I bolted up out of bed. My hand went to my hernia scar, and I felt a faint throb there, as if the dream had somehow reawakened that old injury. I was breathing hard and felt a coating of sweat all over me. My hands were shaking. What was with these dreams?

I got some water. Outside, the sky had cooled, the sea now purple and silver. Seeing my dad in the dream made me think of contacting him. I wondered if they had a gamma link on the ship. I headed up to the deck to ask, and to see where we were.

The sun had begun to set, growing bloated, an orange oval dropping into veils of gray mist. Beams of orange, pink, and purple reflected on high feathery clouds and over the slick surface of the gelatinous water.

I spotted Arlo standing with two others by my craft. One of the men was inside it, lit by the glow of the vortex engine. He was wearing a welding mask and holding a blowtorch to the kinked spot in the mast. I walked over.

“Hey, Owen,” said Arlo. “We’ve been checking the damage to your craft here. We can patch the sails easy, and then it looks like the primary problem is the bend in the mast. We’re getting that straightened so you’re back in flying shape for tonight.”

“Tonight?”

“Victoria will explain,” said Arlo. “Actually, I’m supposed to take you to her.”

We left the two men working on the mast and climbed up to the aft deck, where Victoria was standing by the navigation consoles. The solar sail had been furled, and we were moving slowly.

“Hi, Owen,” said Victoria. “Did you get some rest?”

“I did,” I said, though I felt more disjointed than rested. “I was wondering if you had a gamma link. I wanted to get in touch with my dad.”

“That would be nice,” said Victoria with a sigh, “but I’m afraid we don’t. The Northern Federation blocks us from using the gamma network.
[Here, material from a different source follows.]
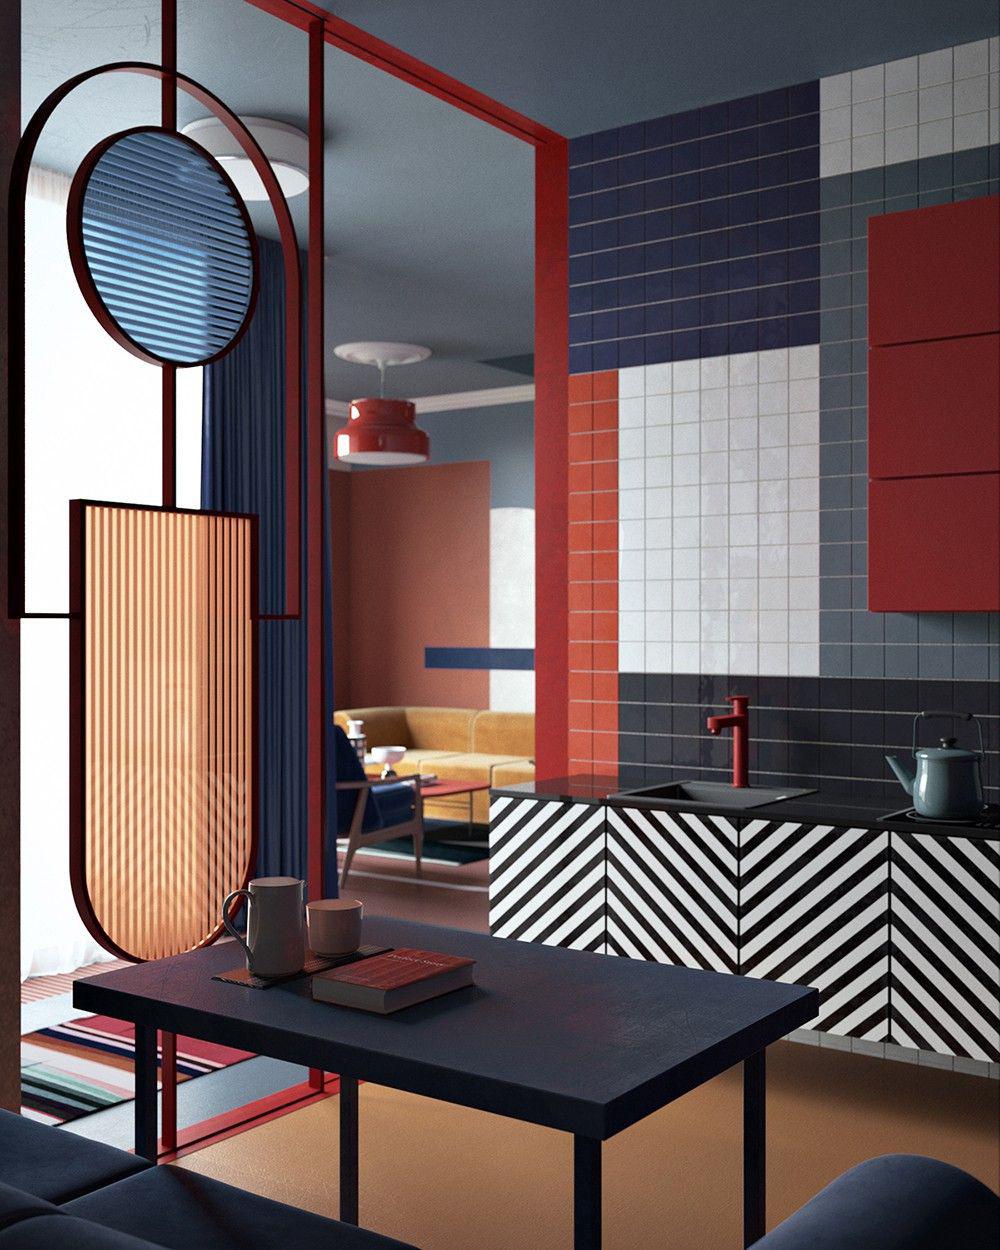 Обеденные столы лофт (54 фото): круглые и другие столы в стиле лофт, белые и модели других цветов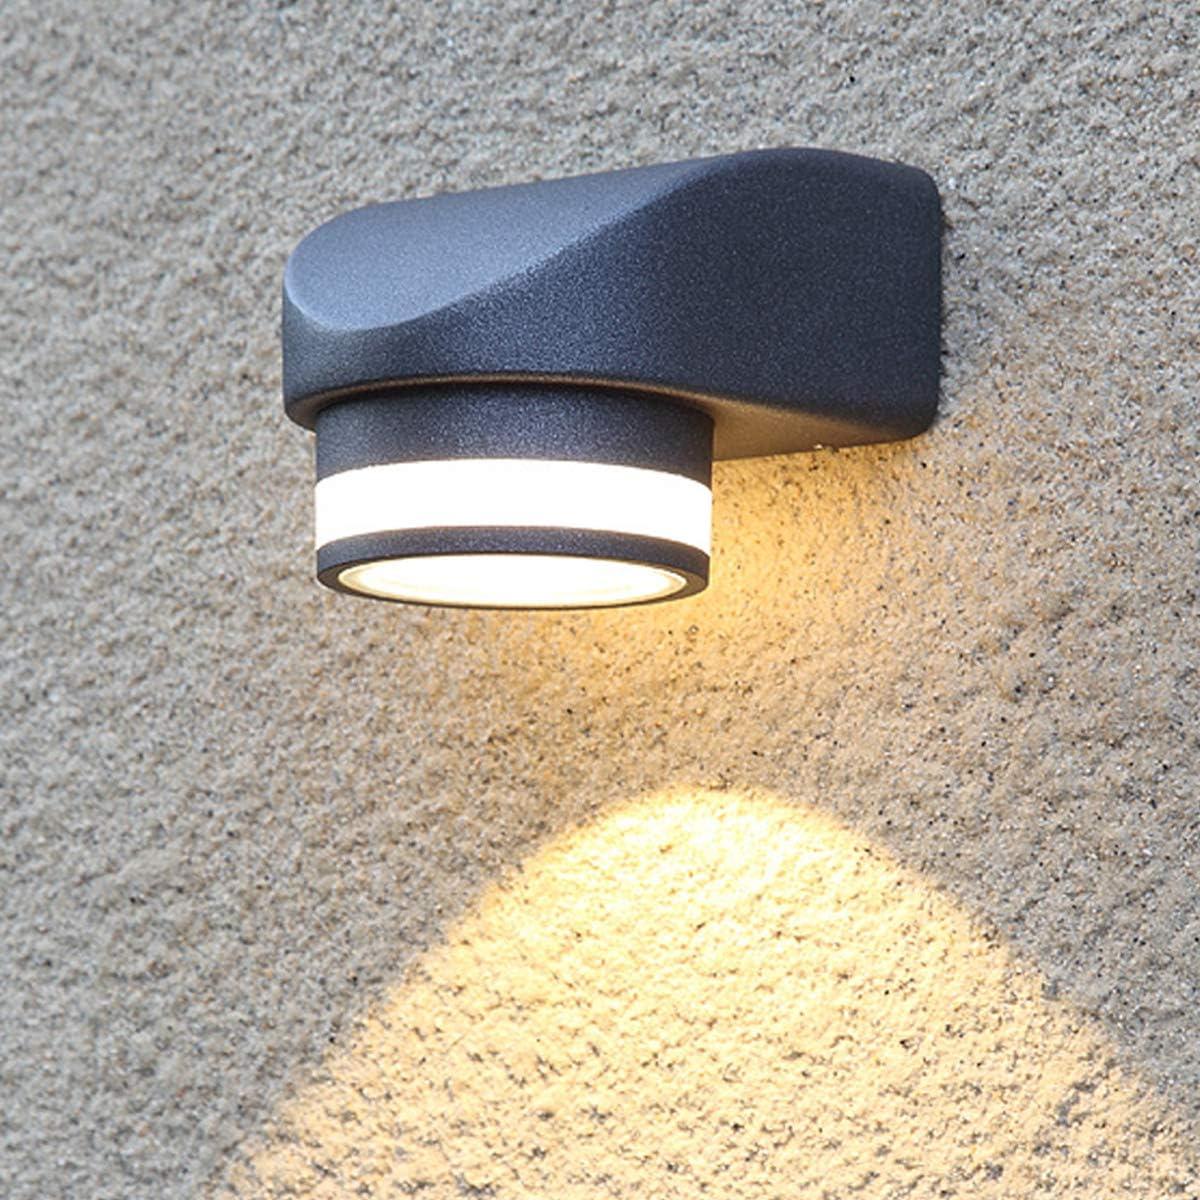 Nero-3000K Lampada da Muro con Induzione Magnetica 12W LED Luce Bianca Calda 3000K Schermo Regolabile 180 Gradi in Alluminio per Corridoio Soggiorno Camera da Letto Dr.lazy Applique a Parete

It’s one of their many sanctions against me. On rare occasions we are able to hack our way on, but that’s about it. For the most part, it’s really a blessing for the people of Desenna, but in this case I’m sorry it leaves you out of touch. I’ll let you know if we are able to establish a connection.” She pointed ahead. “For the moment, though, you’ll want to see this.”